NotatallTesla
New Member
I want to create a device that will detect when a certain LED lights up on my office phone (it's the French language line, actually); I want the device to then turn on a much brighter light that I will easily notice ….. This is what I’m hoping will work: I’ll place the photocell (shown here: https://www.futurlec.com/Pictures/PHOTOCELL2A.jpg) above the phone’s LED, in a surrounding “pocket” designed so that absolutely no ambient light could get to the photocell – only the LED’s light will get to it.

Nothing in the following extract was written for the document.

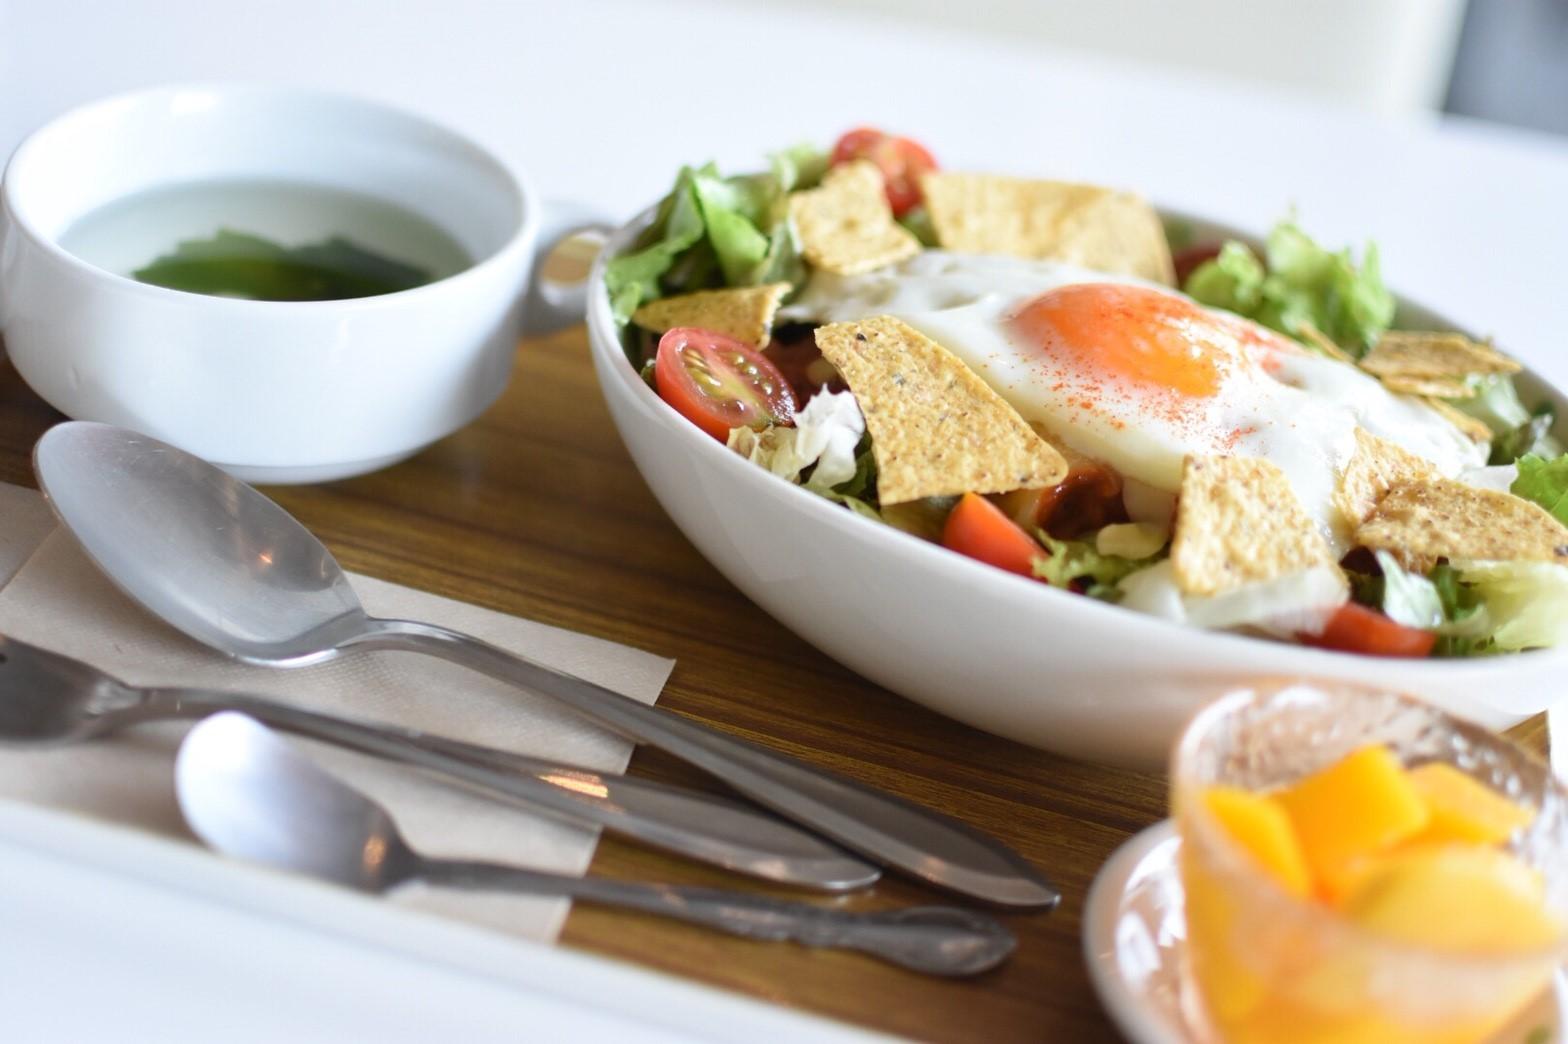 旬のお野菜が体にも美味しい!清潔感溢れるカフェでゆっくりランチ「みさきcafe」

When the LED's light hits the photocell, that will trigger the bright lamp to come on. But I don't believe the circuit will be too simple, as I will now explain. If you just set up a battery connected to the lamp by two wires, the lamp would be on all the time, of course. With the photocell added to the circuit, the lamp will never come on because the photocell always creates enough resistance that the electrical circuit cannot be completed. That is, the photocell's rsistance will never drop below about 5K or 10K Ohms, even when a light is shined on the photocell. So the photocell, in this case, would just be an “off switch.” From what I've heard of transistors, a transistor plugged into this circuit will somehow detect that the photocell is producing either the low 5K-Ohm resistance (i.e., when a flashlight is shined on the photocell) or high 100K-Ohm resistance (i.e., when photocell is kept in the dark). When the transistor detects a low resistance level in the photocell, it somehow “switches” the pathway of electricity in such a way that the resistance of the photocell is completely bypassed, allowing the electrical circuit to be completed. I imagine the circuit can be powered by a 9-volt battery.
Anyone care to offer an opinion on how exactly i can make this work? Help would be appreciated.
Anyone care to offer an opinion on how exactly i can make this work? Help would be appreciated.